--- Given data ---
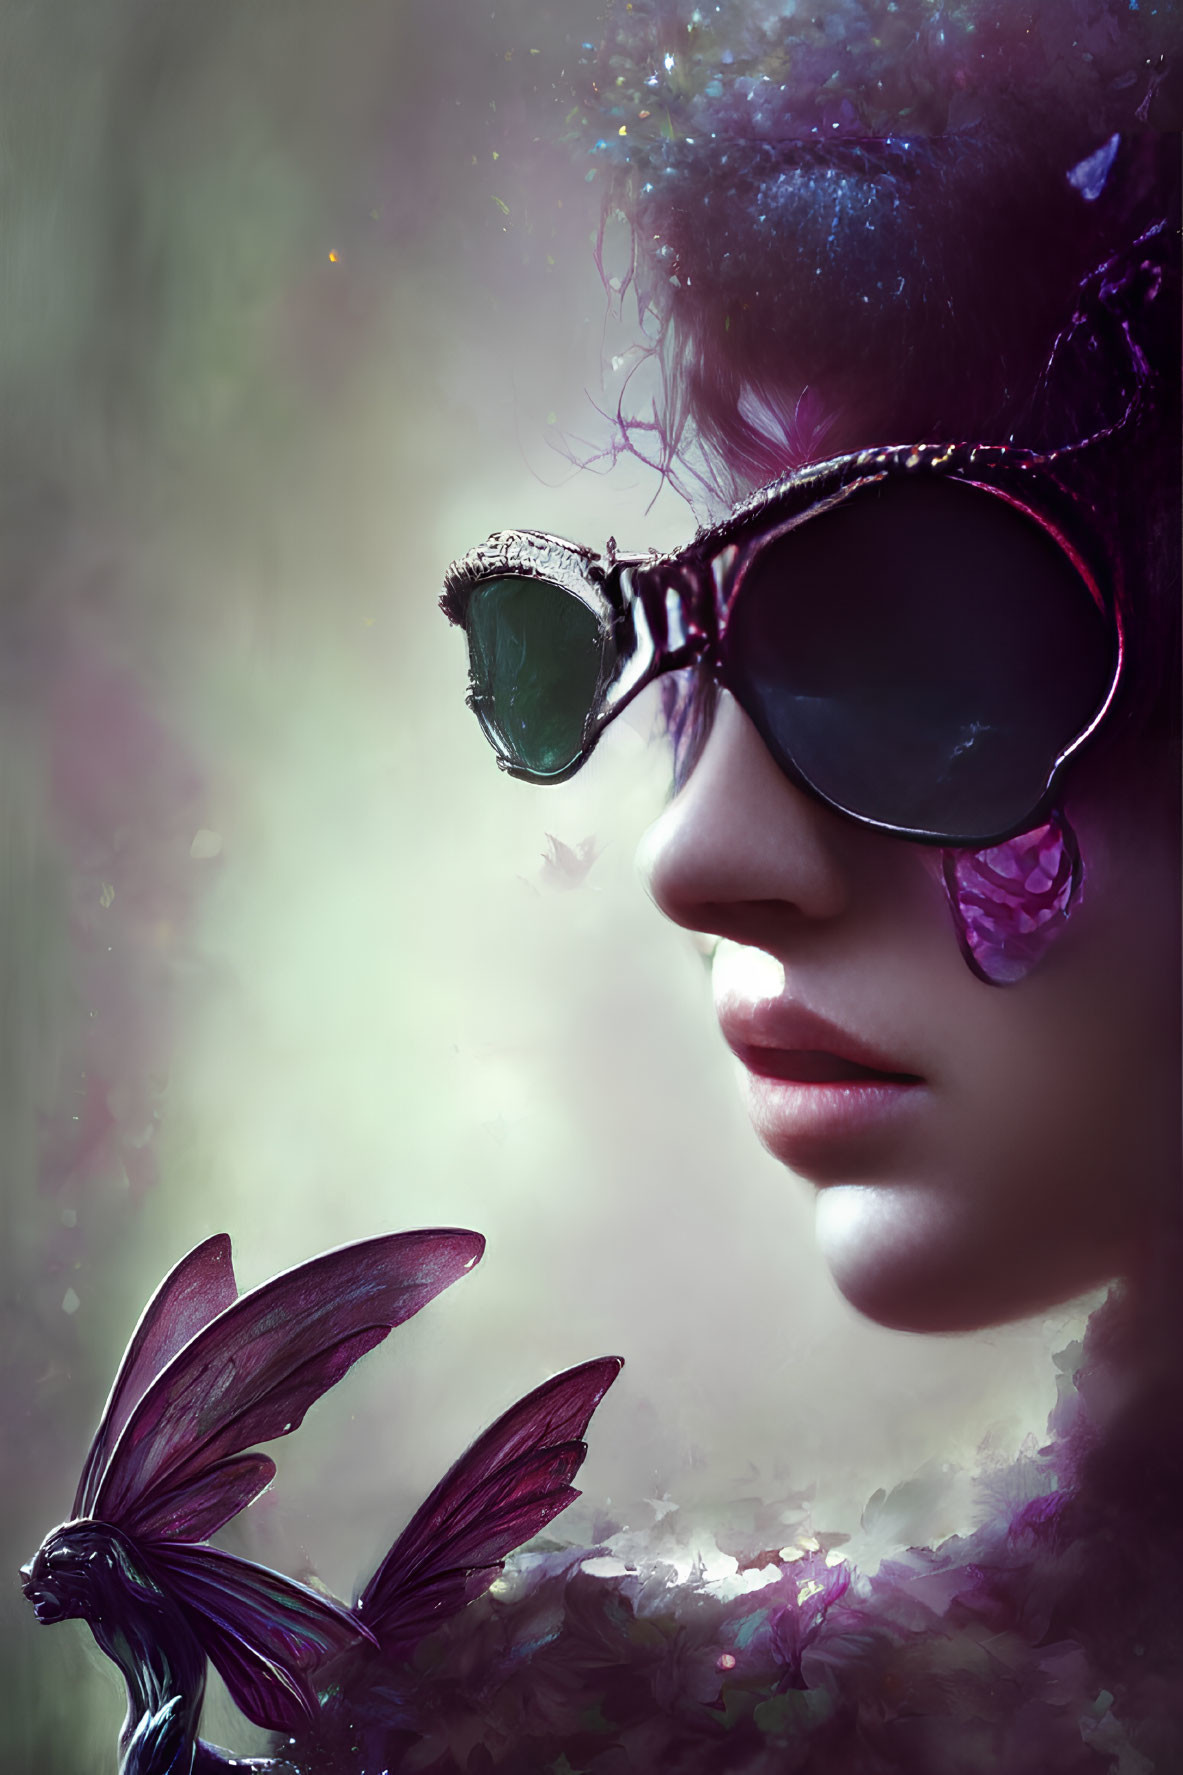 Colorful portrait with sunglasses and dragon on shoulder in misty setting
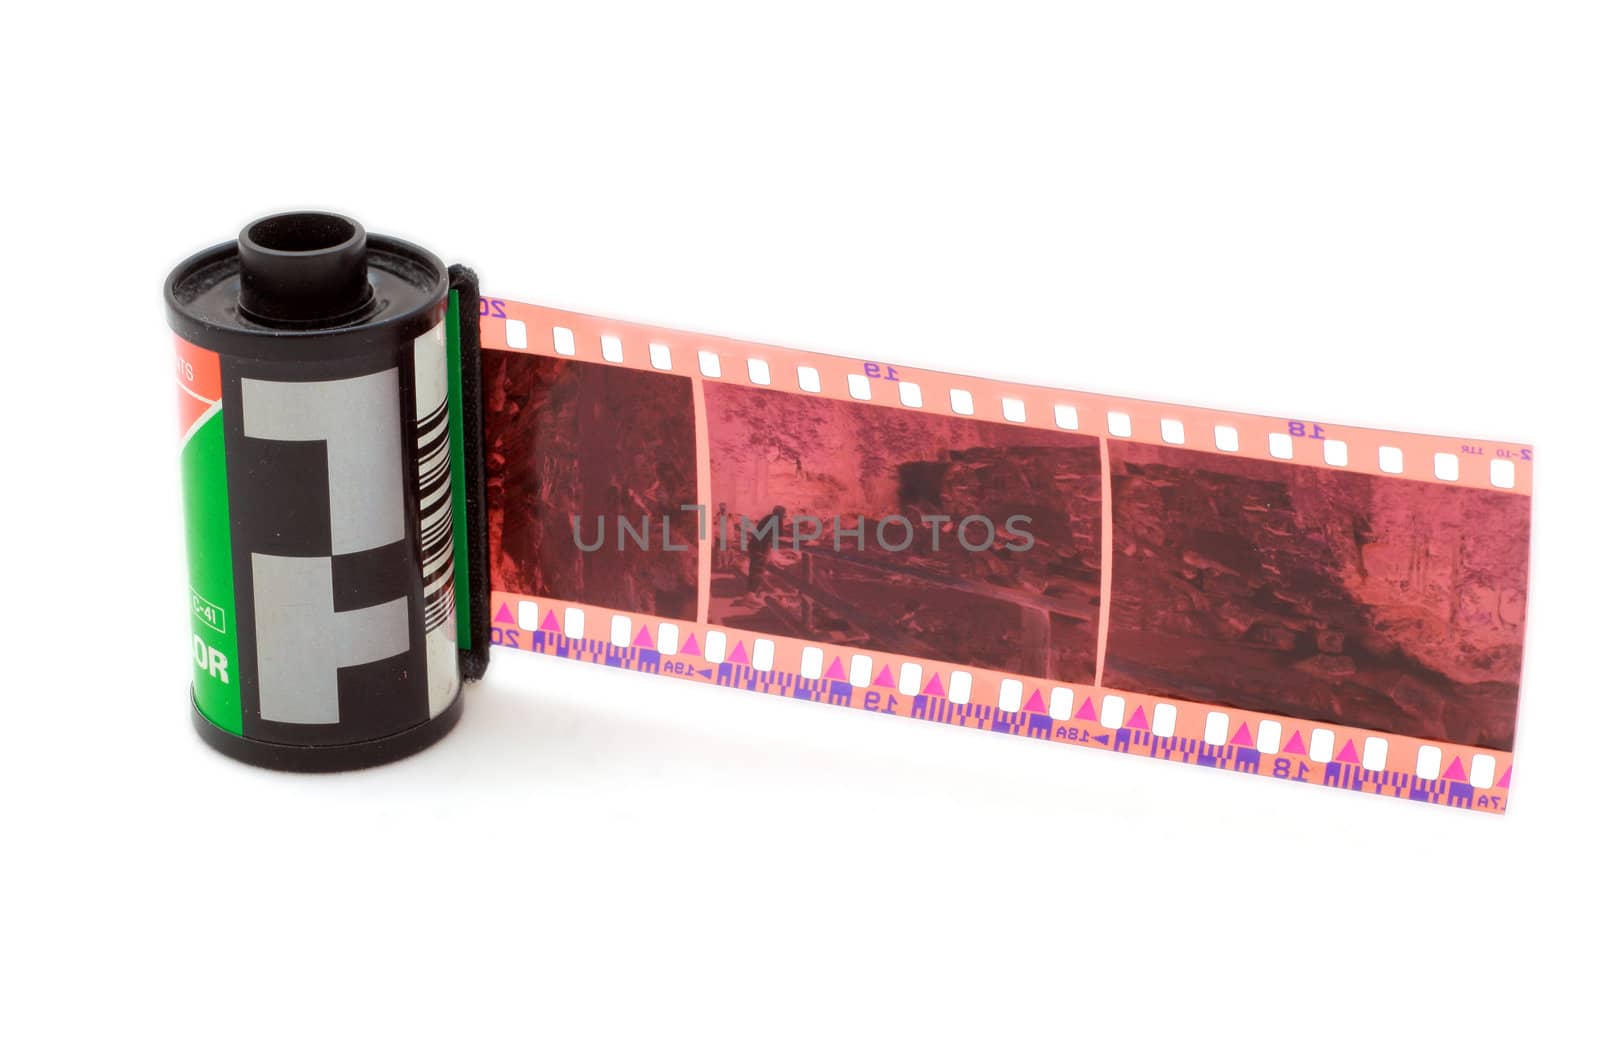 35 mm negative film and roll isolated in white background
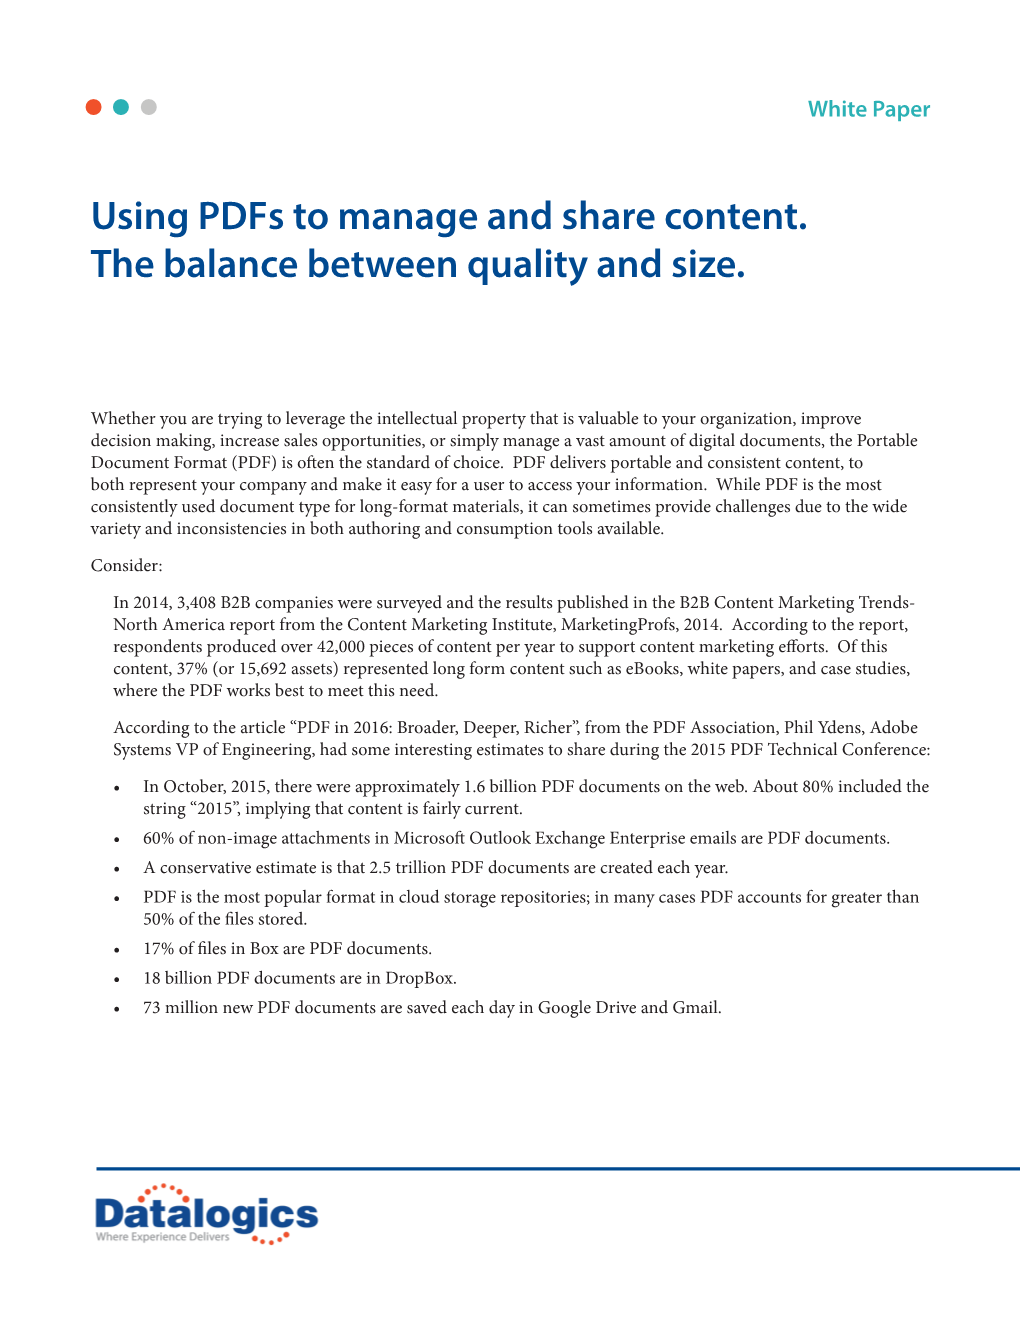 Using Pdfs to Manage and Share Content. the Balance Between Quality and Size
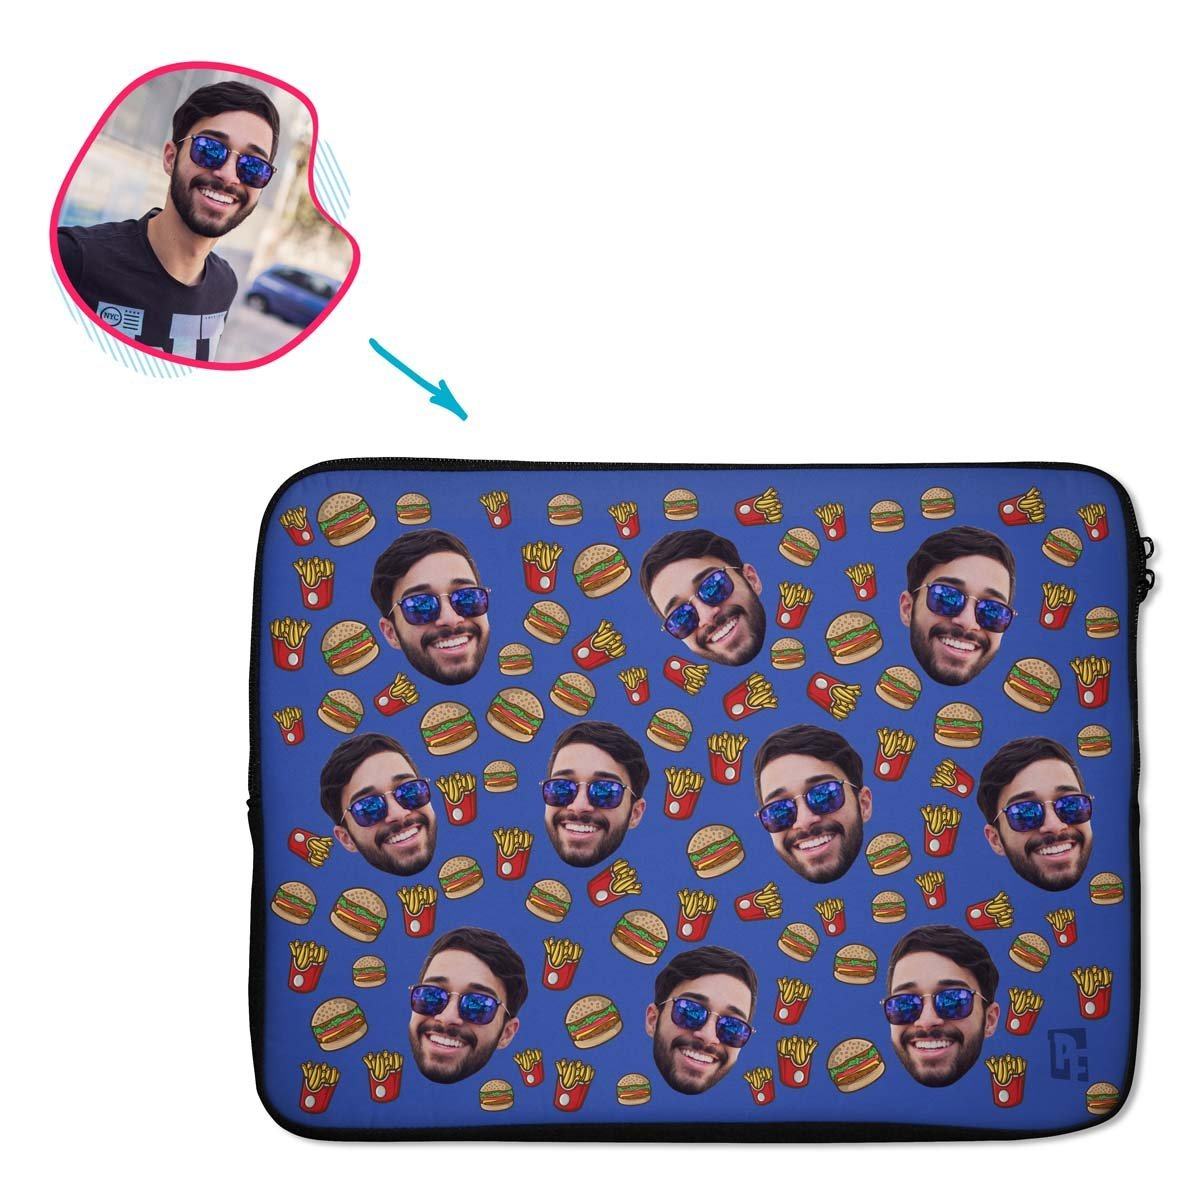 darkblue Fastfood laptop sleeve personalized with photo of face printed on them

--- The problem ---
Lines from the one that contains "Using Pdfs to" through the last line of the data above are to be extracted exactly, with no pictures and no other lines.

--- Worked solution ---
 Using Pdfs to Manage and Share Content. the Balance Between Quality and Size
 darkblue Fastfood laptop sleeve personalized with photo of face printed on them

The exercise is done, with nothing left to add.